Comparing effects of load on spatial deployments of attention

One possible interpretation of the results from this study is that spatial aspects of both attentional breadth and exploratory breadth are largely unaffected by working memory load, while temporal aspects of attentional deployment are affected. The covariance of attentional breadth and eye-movement behaviour has been acknowledged as an important topic (Luke et al., 2018; Rayner, 2009), but it is relatively understudied. The available evidence suggests that individual differences may also exist in the covariance of attentional breadth and eye-movement behaviour (Gaspar et al., 2016; Nuthmann, 2013; Wu & Wolfe, 2022), and in light of this study’s findings, subsequent research may benefit from distinguishing exploratory breadth and exploratory dynamics when investigating this covariance. Here, load affected the temporal dynamics of eye movements, and it remains possible that temporal aspects of attentional breadth (such as the time taken to resize attention) are similarly affected. Indeed, Goodhew (2020b) has found that individuals with high working memory capacity are less efficient at the infrequent contraction of attentional breadth when most trials require a broad breadth of attention. This suggests a more nuanced relationship between working memory functioning and attentional deployment than a positive correlation between capacity and superior task performance: read alongside findings from Luke et al. (2018) that indicate longer fixation durations for high-capacity individuals, one possibility is that these individuals use a persistence strategy for deployments of attention, whereby they tend toward exhaustive engagement with a single focus and suppression of irrelevant distractors, rather than a flexibility orientation, which predisposes the individual towards modification of the focus of spatial attention (Goodhew, 2020b; Hommel, 2015).
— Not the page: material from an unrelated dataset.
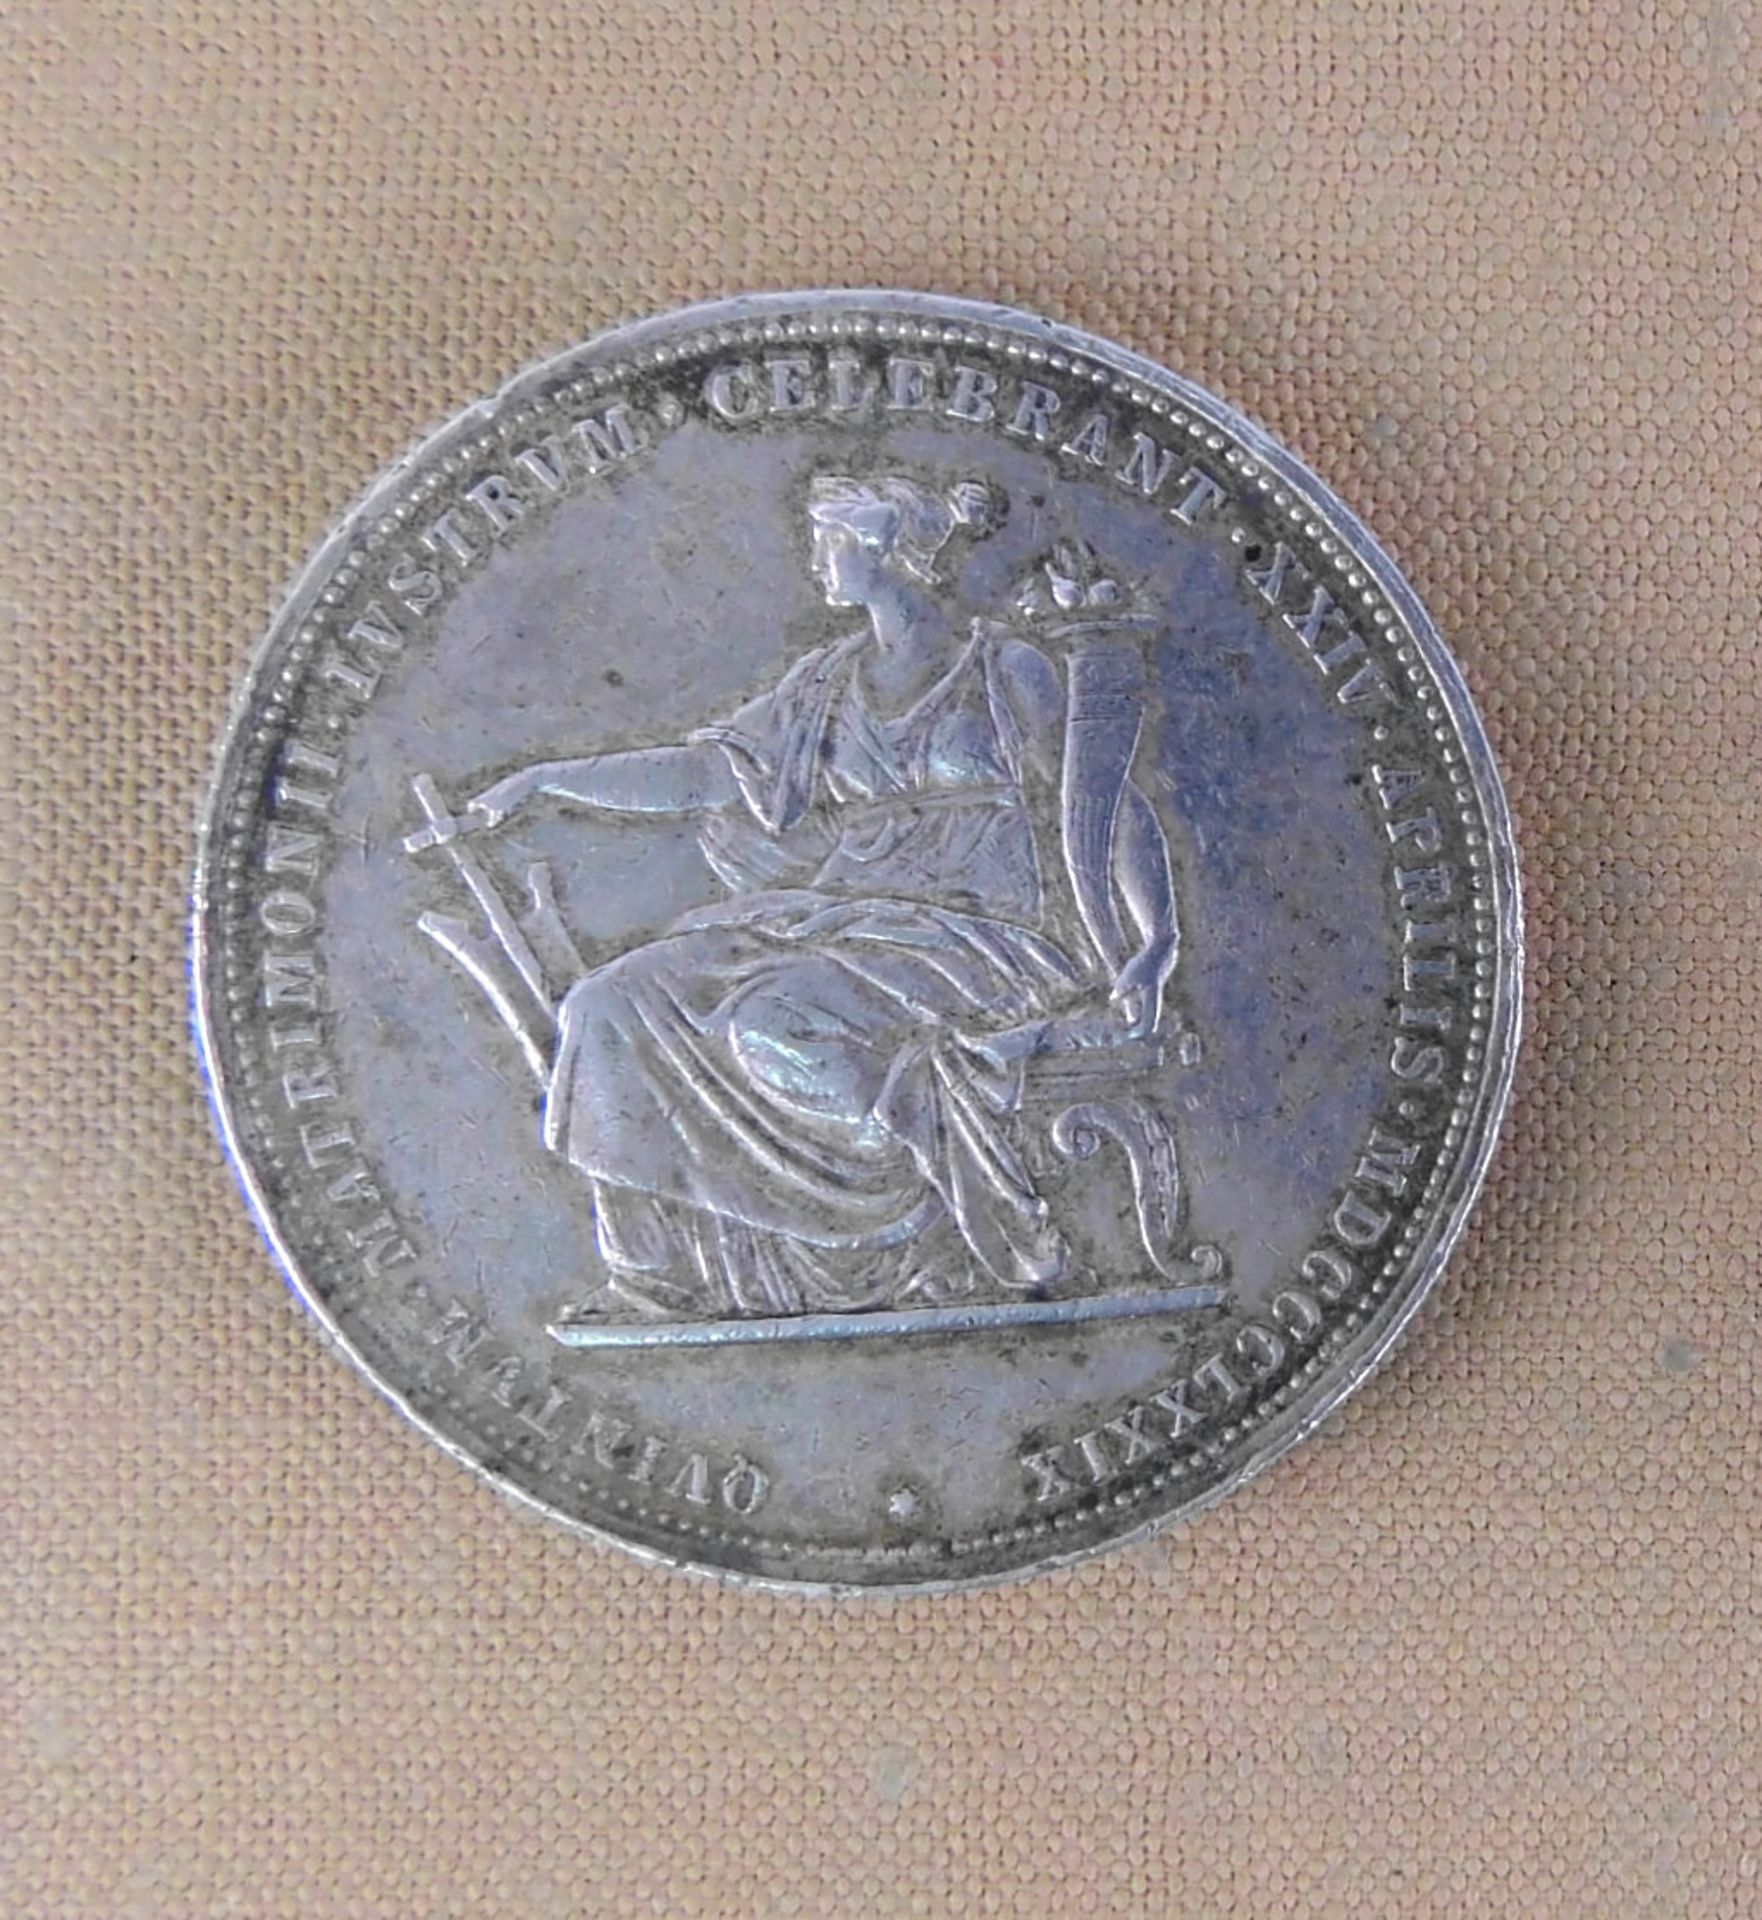 Silbermünze, 2 Gulden Österreich 1879 Silberhochzeit Kaiser Franz Joseph I./ Elisabeth - Bild 2 aus 2

Future research could attempt to shed light on some of the nuances in this relationship by comparing the temporal dynamics of attentional breadth resizing with temporal metrics of eye movements, as well as how these processes interact with state- and trait-based factors such as working memory load and capacity respectively.

Conclusion

In conclusion, understanding and measuring spatial deployments of attention are vital steps towards modelling real-world functioning. However, the relationship between these spatial deployments and working memory load requires further investigation, particularly regarding the manipulation of information held in working memory. This study found that increasing load associated with updating and manipulation of information held in working memory affected the temporal dynamics of exploratory behaviour: individuals held fixations longer on average under higher load, fixation durations became more variable with increasing load, and scan-path lengths shortened under higher load. Conversely, the spatial aspects of eye-movement exploration did not change: exploratory breadth was not altered by increasing load. Similarly, attentional breadth was not altered by increasing load, although the possibility of methodological explanations for this finding means that strong conclusions about the relative impact of load on these two kinds of spatial deployment cannot be drawn at this stage. Intriguingly, metrics derived from eye-movement data all appeared to indicate substantial individual differences in exploratory behaviour over and above any impacts of loading working memory. This finding sets the stage for further research investigating predictors of these individual differences in exploratory behaviour, particularly working memory capacity, as well as an examination of whether temporal aspects of attentional breadth such as resizing are similarly affected by load. One important account to test further will be persistence versus flexibility orientation in attentional deployments: higher working memory capacity may be associated with a persistence orientation, such that single sources of information are processed more exhaustively before initiation of subsequent deployments of attention.